Table 2 Upregulation of PvGA2ox in sd seedlings

The roles of GAs are complex; GA levels can not only directly affect seedling growth, but also have an indirect effect on seedling development through circadian rhythm and mycorrhizal formation via signal transduction. SCARECROW-LIKE 3 (SCL3) and DELLA are involved in the GA signal transduction pathway [100, 101]. GA2ox and SCL3 are upregulated in Lotus japonicas infected with arbuscular mycorrhizas [102]. DELLA also plays an important role in mycorrhizal signaling pathways [103] and mediates CCA1 in the interaction between GAs and the circadian clock, to regulate hypocotyl elongation in A. thaliana [16]. In our study, GA2ox and SCL3 were upregulated in sd seedlings; CCA1 and DELLA were both differently expressed. Therefore, GA affects seedling development in several ways, resulting in differences in switchgrass seedling development rates.
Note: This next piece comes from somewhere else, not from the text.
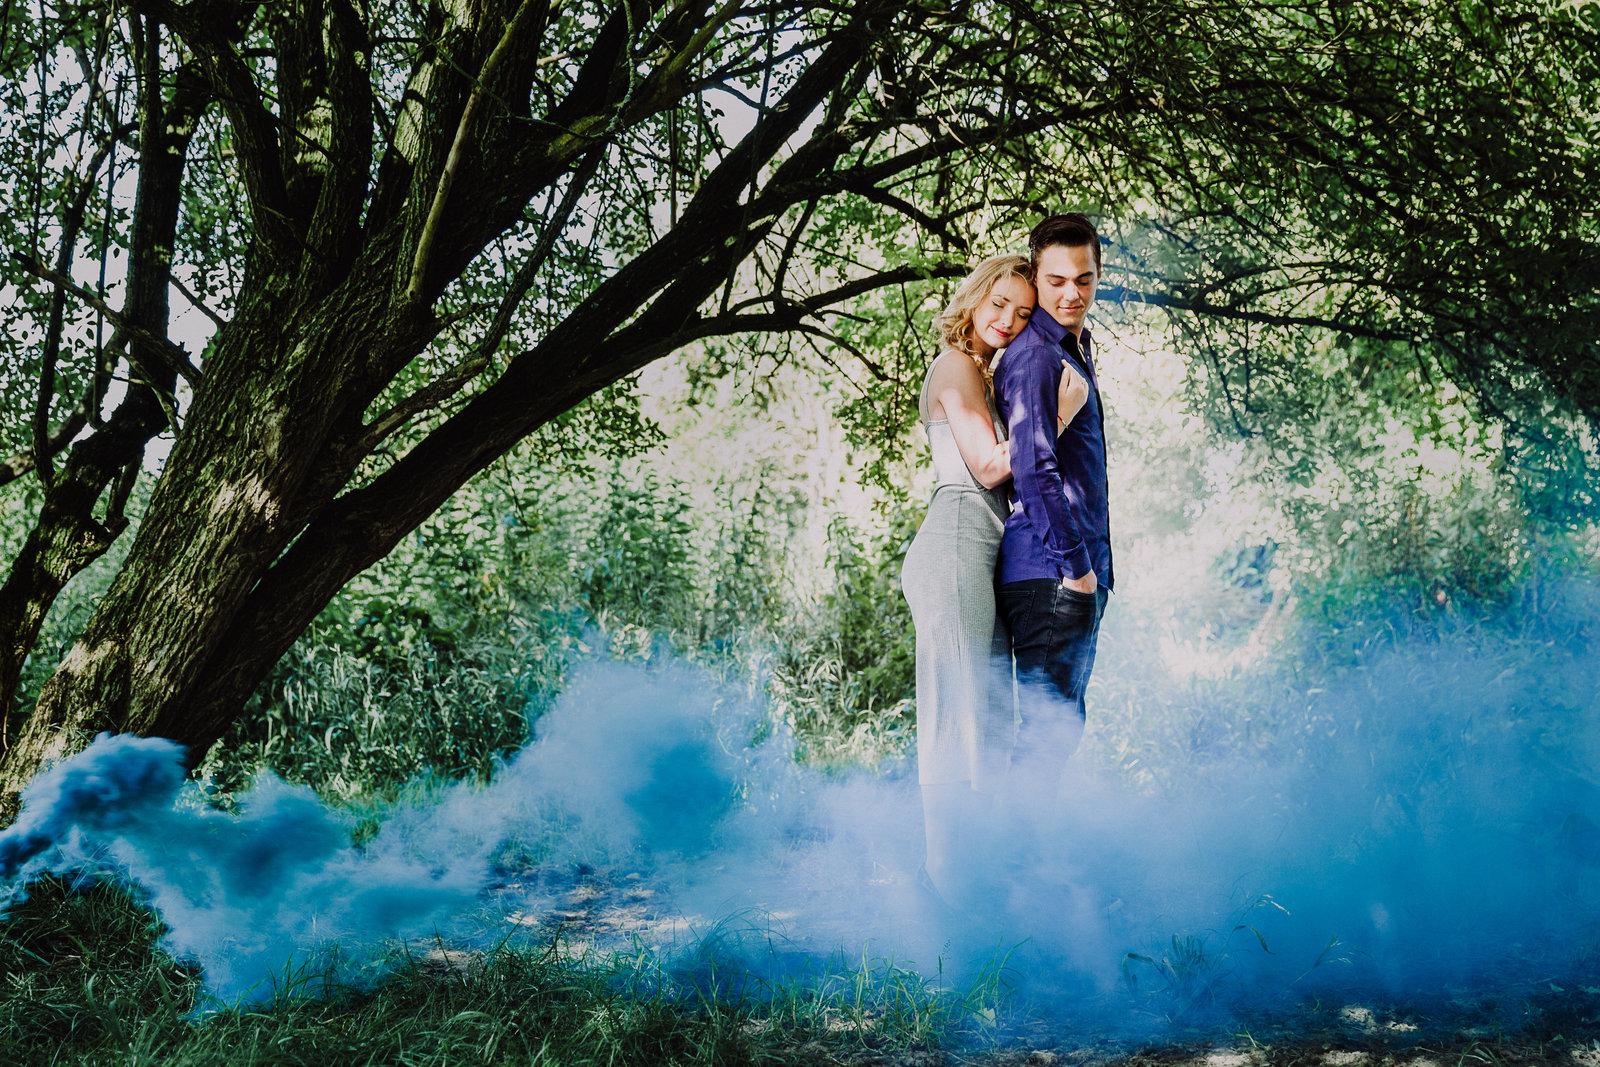 Loveshoot met blauwe rookbom in de natuur Copyright Nanda Zee-Fritse | FOTOZEE
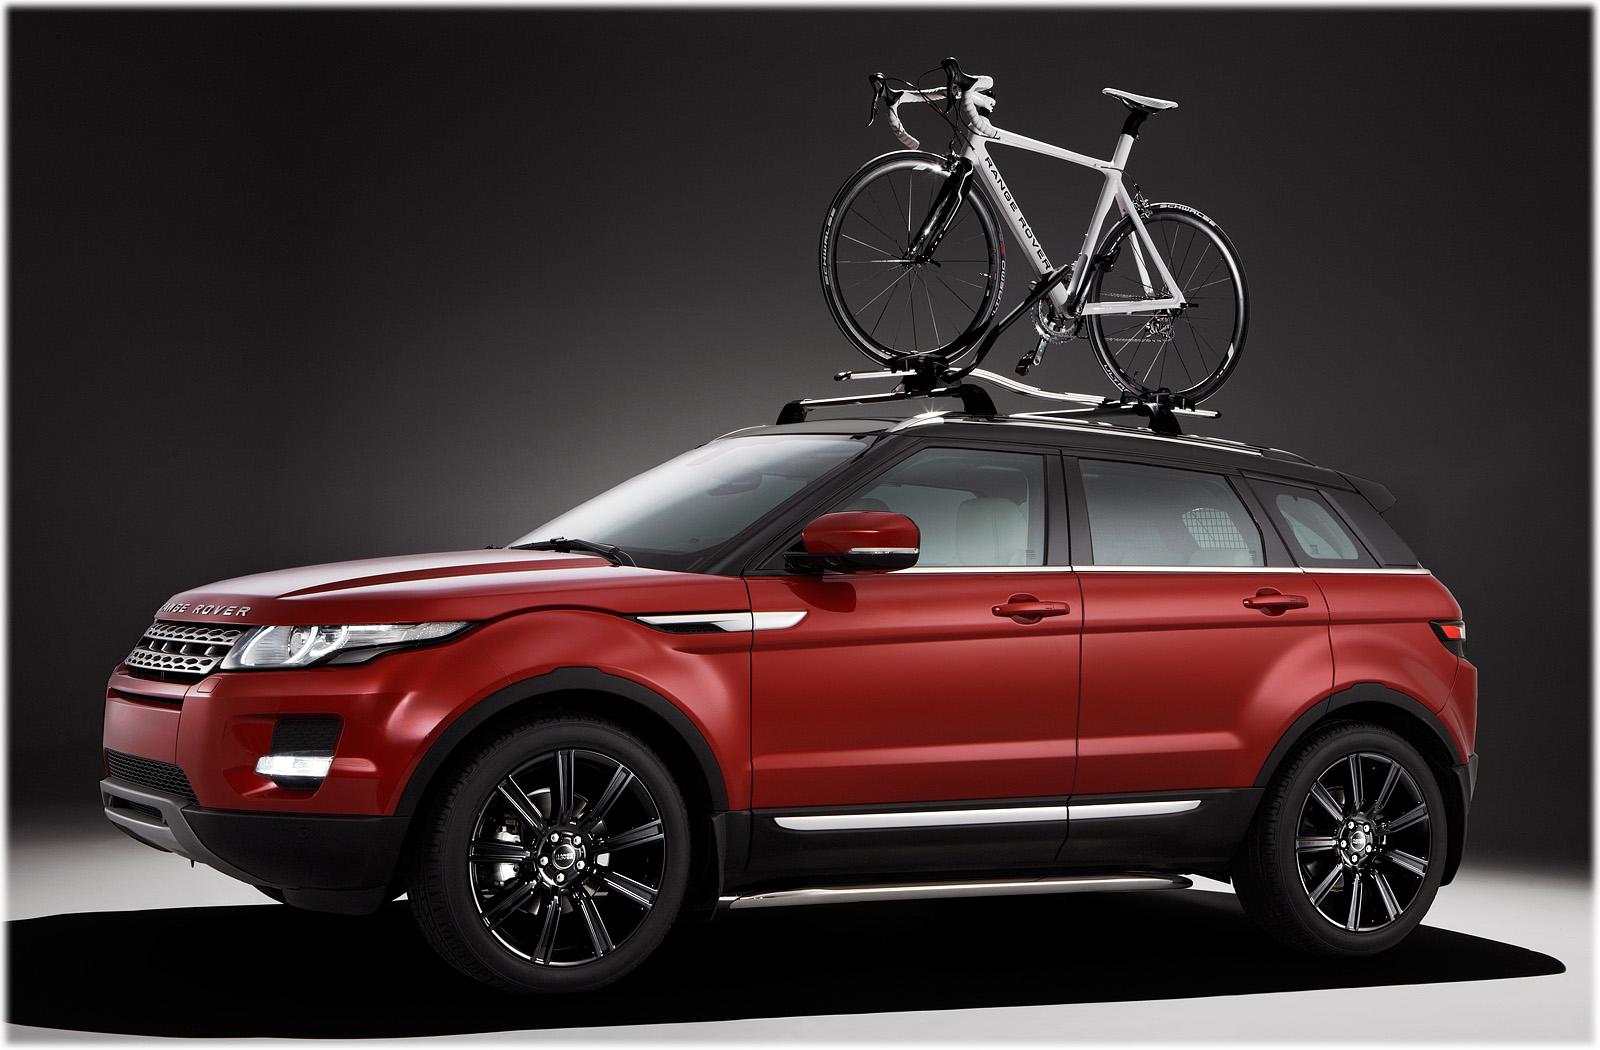 http://www.bike-trend.com/wp-content/uploads/2011/06/range-rover-evoque-concept-bike-3.jpg

Thiamine metabolism can affect plant growth in various ways and plays a fundamental role in glycolysis, the pentose phosphate pathway, and the tricarboxylic acid cycle as an enzymatic cofactor [73, 75]. Meanwhile, THI1 and THIC showed a response to various abiotic stresses and may increase tolerance to mitochondrial DNA damage [104]; furthermore, there was an association between thiamine metabolism and two symbioses, root nodule symbiosis and arbuscular mycorrhiza [105, 106]. In L. japonicus, rhizobium inoculation resulted in enhanced expression of THI1 and THIC. In the thic mutant of Lotus corniculatus, the content of thiamine decreased in roots and increased in arbuscular mycorrhizal fungi (AMF) [78, 105]. Low thiamine levels rendered spores of AMF less viable [105]. In this study, THIC and THI1 were upregulated in sd seedlings, where this upregulation may result from stress or the growth of rhizosphere microorganisms. The physiological indices, including malondialdehyde, H2O2, superoxide anion, glutathione, and ascorbic acid, which can reflect the extent of environmental stress to plants, were measured in sd and rd seedlings, and no significant differences were found [107]. Therefore, the upregulation of THI1 and THIC in sd seedlings was not caused by abiotic stress and may have been due to infection with rhizosphere microorganisms. The gene MLO1 (Unigene19129_All) related to mycorrhiza formation was found to be upregulated in sd seedlings [102]. The different expression levels of mycorrhizal response genes between sd and rd seedlings indicated that there were differences in mycorrhiza formation and this may lead to differences in sd and rd seedling development rates.

Conclusions

Switchgrass can be used for livestock, water and soil conservation, and in the bioenergy sector, given the high water and fertilizer use efficiency of adult plants and its strong ability to adapt to adverse environmental conditions [47, 108]. Since slow and inconsistent seedling development affects large-scale plantations and reduces switchgrass utilization as a bioenergetic crop, the seedling development process was characterized in this study, and the transcriptomes of rapidly and slowly growing seedlings were compared to identify key genes involved in seedling development. Growth indices indicated a relatively stagnant seedling development stage in switchgrass, and 678 genes were identified as being involved in seedling development. Homologous analysis of switchgrass and maize identified 128 key genes related to seedling leaf development. Transcriptome analysis and physiological indices suggested that the seedling development process was influenced by differential expression of genes involved in the circadian rhythm, thiamine metabolism, energy metabolism, GA biosynthesis, and signal transduction. This study contributes to a better understanding of the regulatory reasons underpinning seedling development and growth rates. Identification of the genes directly responsible for rapid and reliable seedling development will make possible the creation of switchgrass cultivars that have more desirable growth characteristics.